Sulbactam is a β-lactamase inhibitor. This drug is given in combination with β-lactam antibiotics to inhibit β-lactamase, an enzyme produced by bacteria that destroys the antibiotics.

It was patented in 1977 and approved for medical use in 1986.

Medical uses
Sulbactam is able to inhibit the most common forms of β-lactamase but is not able to interact with the AmpC cephalosporinase.

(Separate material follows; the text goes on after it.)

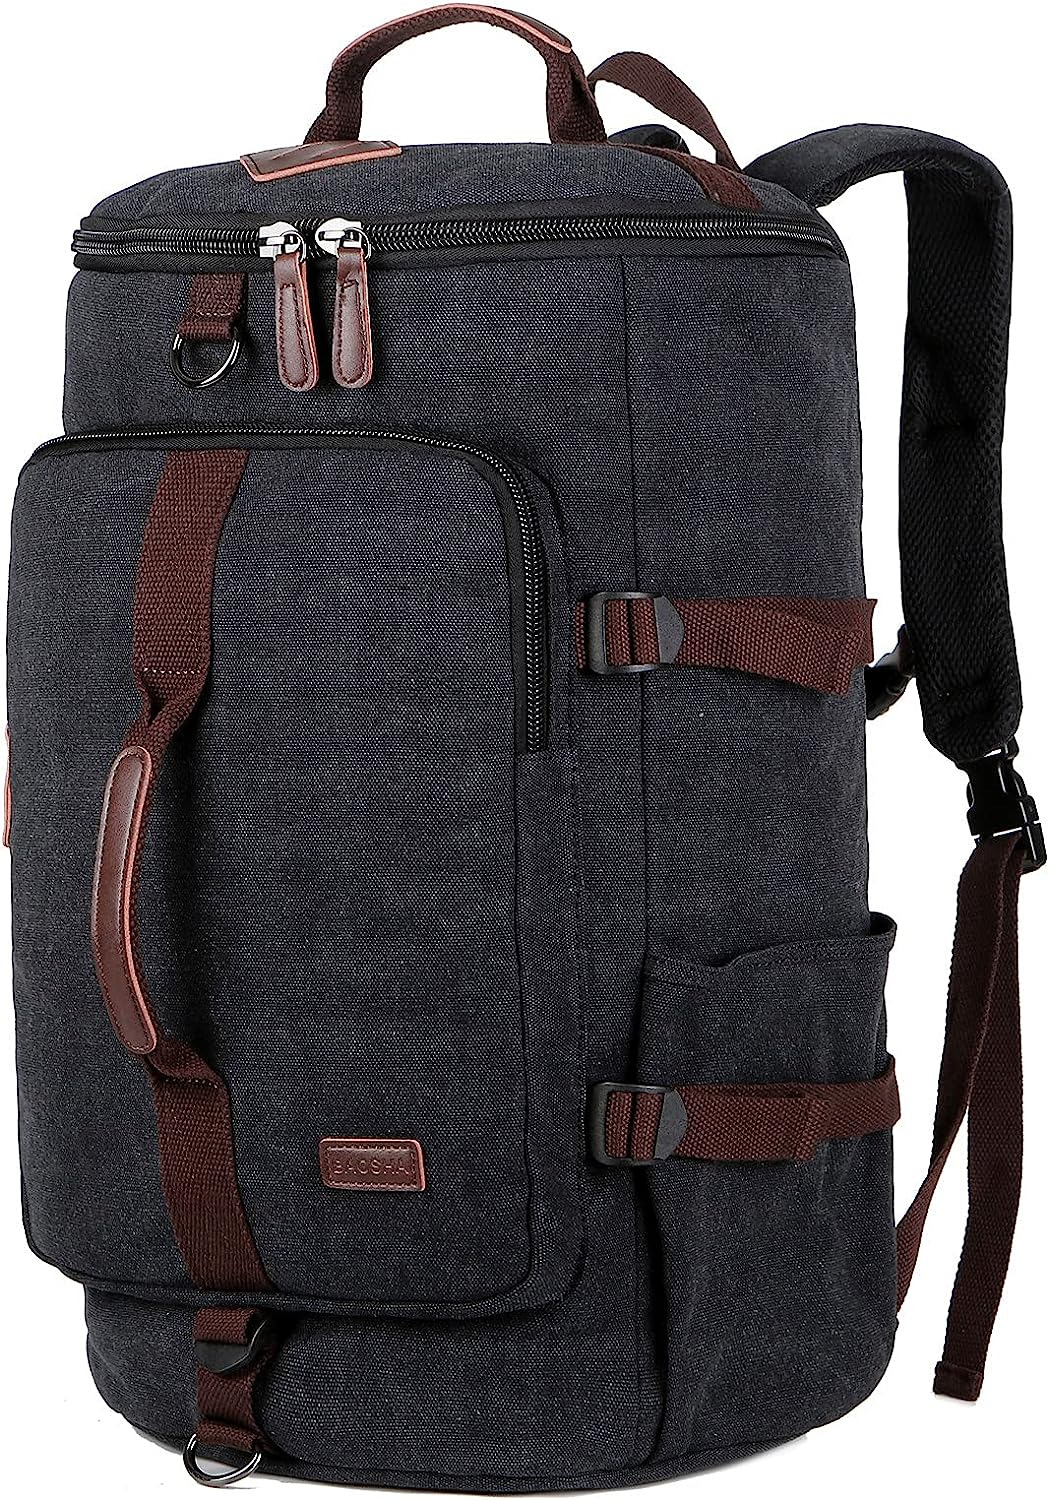 Canvas Weekender Travel Duffel Backpack Hybrid Hiking Rucksack Black

Thus, it confers little protection against bacteria such as Pseudomonas aeruginosa, Citrobacter, Enterobacter, and Serratia, which often express this gene.

In the United States, sulbactam is combined to form ampicillin/sulbactam. It does possess some antibacterial activity when administered alone, but it is too weak to have any clinical importance. Its use in the UK is restricted to hospitals.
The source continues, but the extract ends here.